This week was brought to me by the letters S. T. R. E. S. S.
I had my first teaching observation that I spent 10 – yes 10 – hours planning for. It went Ok but I don’t have the results yet.
I’ve always been a worrier but my stress levels have increased in the past 18 months. I think it’s because in the space of a few months I lost a parent, left my decade-plus long job, started a new relationship and began a teacher-training course with new folk doing new things that were alien to me.
Prior to this, I felt my life was stagnant. I yearned to be one of those people who would say: “If you’d told me in 18 months that I’d be [insert life-changing experience here], blah blah. ” Then I became that person and I was unprepared for the shock.
I’ll be honest, I hated the PGCE year. The workload was just about manageable but the feeling of isolation and the steepness of the learning curve were something else. No matter how many essays your write, textbooks you read or lessons you plan, you can’t predict what will happen in the classroom. Nearly every day I would leave unhappy, shattered and with a searing headache.
Anyway, that was then and this is now. I’m four weeks into my first job and while I enjoy teaching adults, the paperwork and planning mean I’m spending around 30 hours a week on an 8-hour a week job. This week, with the observation, I spent 40. Everyone says it will get easier and I know that. But right now it’s difficult. I’ve had sleepless nights and I grind my teeth. I take it out on my boyfriend and ramble down the phone to my sister until the only solution for her is to say: “Have you tried counselling?”

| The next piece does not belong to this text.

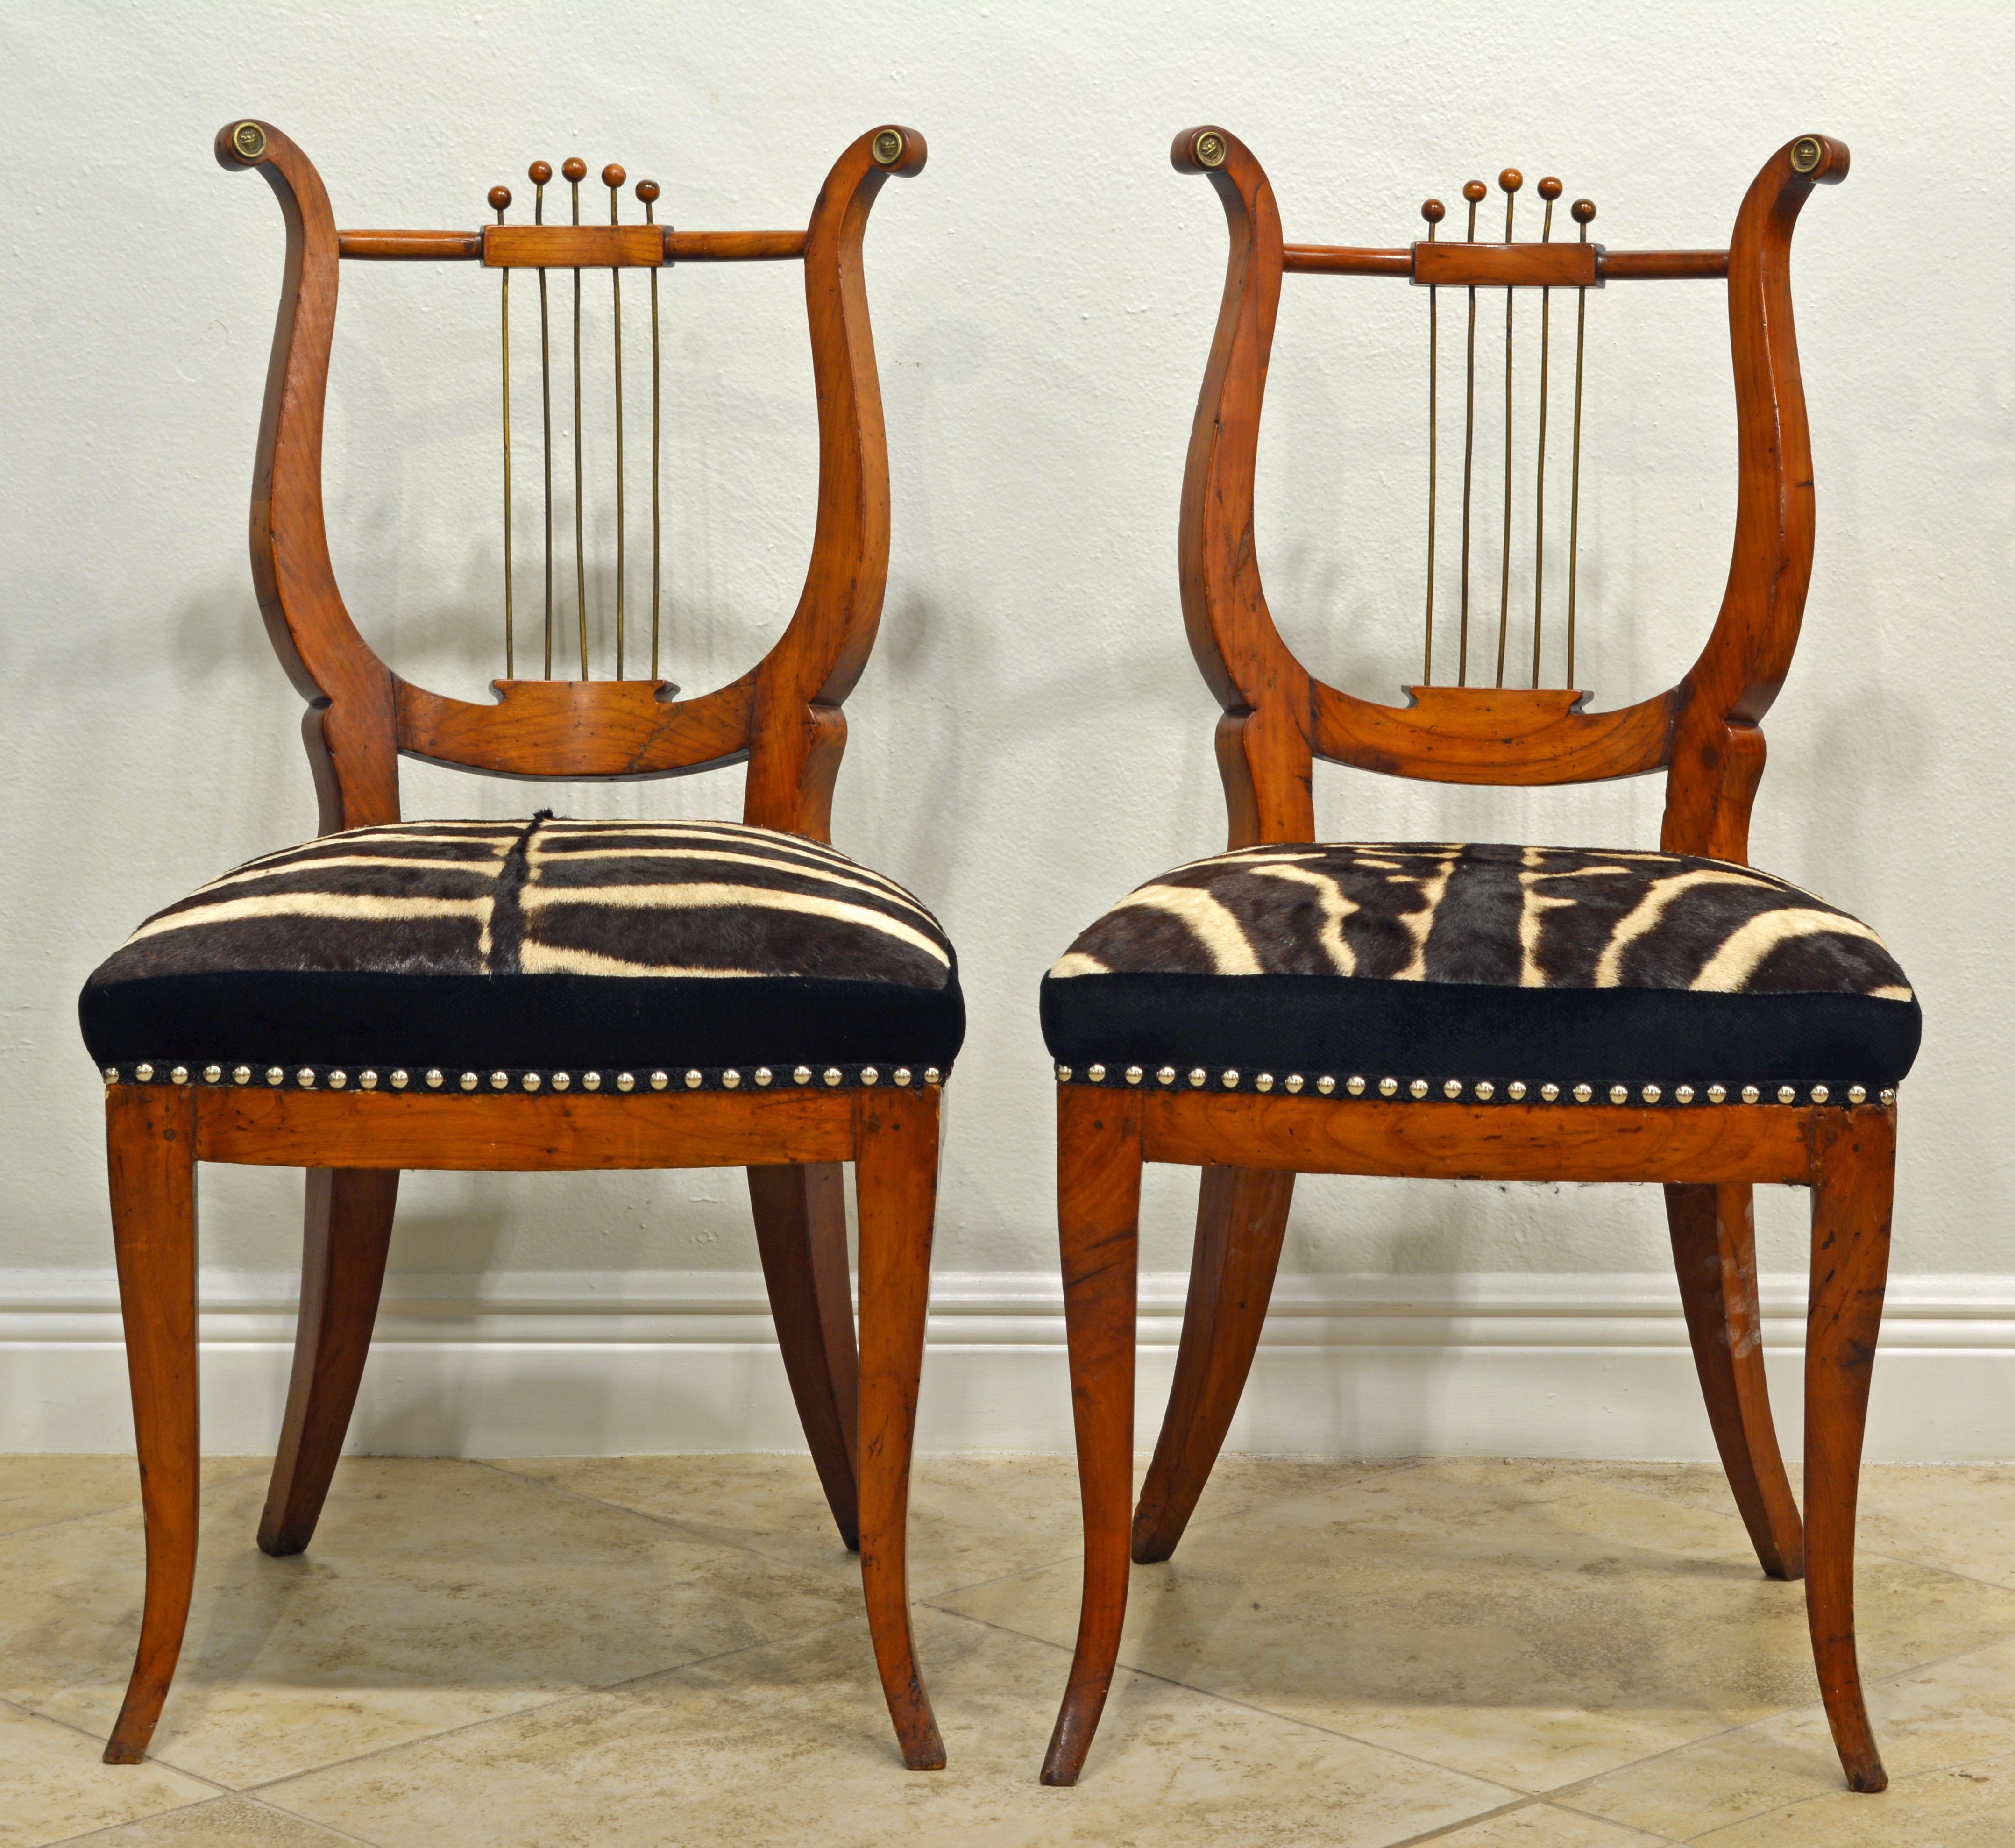 This lovely and unusual pair of Austrian neoclassical musical themed chairs date to the early 1800s and could also be characterized as early Biedermeier style. The backs are very elegant with a combination of a shaped fruit-wood frame incorporating

I’m a capable person and outwardly confident so people are often surprised that I feel this way. Maybe it’s a control thing. After years of knowing what I was doing (as much as you can know in newspapers), I went into a profession as a newbie, where you are judged on the quality of your teaching, the quality of your paperwork and your students' exam grades.
Earlier this week I wanted to quit. Now I don’t. Hopefully in 12 months time I’ll look back at this post and wonder what I was worried about. Until then, I’ve got hours (and hours and hours) of planning to do.
SEO stuff – journalist (neglecting this role), teacher (hanging on), writer (plodding away).